Oh boy, I have so many thoughts ... Let me see if I can organize it sensibly.
To start out, Jim Keller is one reason not to count out Tenstorrent too soon, at least for technical reasons (business/market issues are different). As you said he saved AMD. Not once but twice IMO. K8 and AMD64 (x86-64) could have almost killed Intel in the early 2000s but for the resurrection of P6/Pentium M arch as Core 2.
As for the Tenstorrent architecture, I think there are similarities with the Intel Larrabee approach which had many simple x86 P54C type cores and 512 bit vector units. Although it's possible the baby RISC-V core is a simple MMU less in-order single pipeline CPU core which would certainly take less area than an original Pentium dual pipelined in-order core with the x86 decode overhead. Even if the area is a low 1%, that doesn't quite tell you the runtime implications. The whole point of a GPU was to eschew the whole complex control structure of CPUs, take advantage of memory streaming on very fast HBM type memory by gathering data there and just computing as fast as possible for data parallel workloads.
If a Larrabee like approach didn't work for graphics (and even HPC applications later) then will Tenstorrent work now? Either Larrabee was ahead of its time or there are some fundamental issues. Surely during the graphics wars some might have tried such an approach or even AMD and nVidia might have thought of it?
A GPU can be thought of as a throughput compute device. A crude analogy is that a GPU is like a big Amtrak train. You gather lots of folks onto a station with flexible point to point cars/vans (CPUs) then transport them en masse on dedicated tracks (SM cores/HBM) and then scatter them back at the destination station. To torture the analogy further does it become better if light vans hookup together in a train like formation or if each train car has a small engine? I don't know... I suspect a lot will boil detailed analysis of the software framework and how much the Tenstorrent architecture can allow it to keep up with the yearly cadence of nVidia hardware releases and flops increase per year.
Full Disclosure: I may or may not have positions in AI hardware startups (no easy way to know) due to a semi-index like VC investing approach via Vested Inc.
Yep he did save twice. Should have mentioned both AMD64 and Zen.
Very interesting link to Larabee! Great connection. My understanding is the baby RISC-V are much weaker than the Larrabee x86 cores even when adjusting to modern process nodes. Runtime implications are something I can't really figure out myself. TT uses the Tracy open-source debug tool and they showed me some in-progress optimization projects. Looked like there were a lot of bottleneck opportunities.
I believe TT has a strong chance of surviving the upcoming AI hardware downturn, but personally, I'm more excited about its architecture and its potential for advancing spatial computing (not the Apple VR version...). In my opinion, a true breakthrough will come from distributed computing that mirrors the brain, with long-distance asynchronous messaging and local compute + storage serving as the nuclei of intelligence. TT is particularly well-positioned for this, unlike other architectures
TensTorrent probably chose GCC over LLVM because GCC has global + local register variable support (6.50.5) and LLVM's support for that is more limited (non allocable registers).
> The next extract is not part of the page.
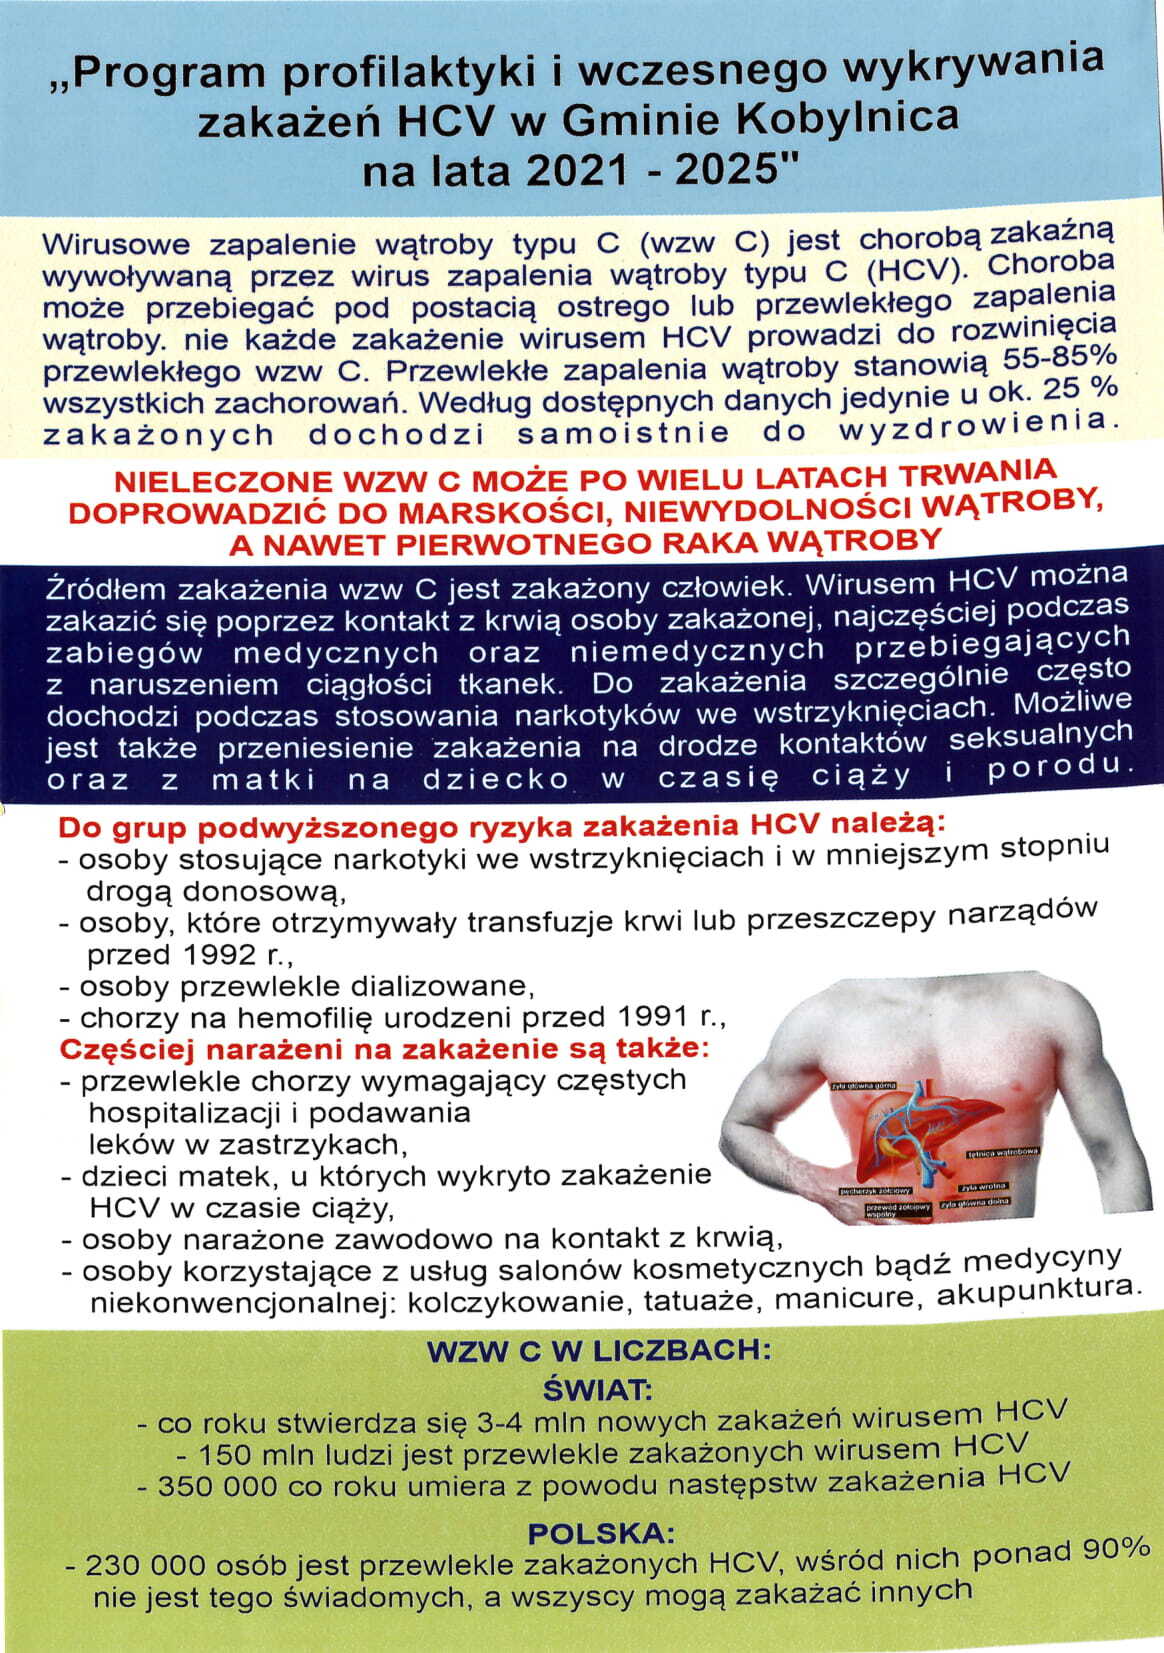 ulotka przedstawiająca program profilaktyki i wczesnego wykrywania HCV w Gminie Kobylnica na lata 2021 – 2025

LLVM is very well structured as a pipeline of compiler passes (think big loops) and it is very hackable by mortal graduate students. You wanna try something cheesy? You can probably get it done in LLVM with a simple IR pass.
OTOH, GCC is monolithic. It wasn't really designed to be hacked or retargeted. But it can be with significant effort. Arguably it was designed (and, cough cough, licensed) not to be hacked+retargeted. I digress.
Monolithic means brittle yet still monolithic can mean fast. And IBM, Intel, … have been pouring solid engineering into GCC for decades. GCC has a ton of functionality that LLVM has yet to match. Which brings us to ...
Registers. Registers are a LOT faster than L1 cache. So if you go back to your "register spilling" section, TT basically crashes the GCC compiler if you spill. Dude, don't spill. I told you once, nicely, don't spill and now I'm just going to kill myself. That change cost TT all of about 1 line of code.
Back in the old school daze, C had the register keyword but that's pretty much ignored nowadays by compilers. But with GCC you can order it to use this register for that variable:
register int *foo asm ("a5");
You can do this globally (QEMU dyngen (2003!) has used this feature to great effect) or locally within a function. (Fellow compiler nerds, global+local here are GCC's words and not mine.) LLVM doesn't really offer as much control over this. They have been talking about it for quite some time but it's still not there and it is for GCC.
So if you're writing a kernel and you absolutely positively want control over the registers (but still not write in assembly) then you use GCC's Variables in Specified Registers.
Thomas sohmers.... An annual tax on land to improve liquidity would unleash a lot of growth. Also, trade wars are class wars by klein and pettis convinced me that capital flows cab drive trade flows.
Besides that, I'm bullish tenstorrent. Didn't realise they were the only start up left in the inference game
I'm not a full georgeist either. I think the world has tried to boost growth through housing wealth effects for eighty years and it's starting to creak, let's try something new. Been watching a lot of meateater recently and been learning about how sprawl is the biggest problem for wildlife and nature conservation - Lvt + yimbyism solves more problems than I thought!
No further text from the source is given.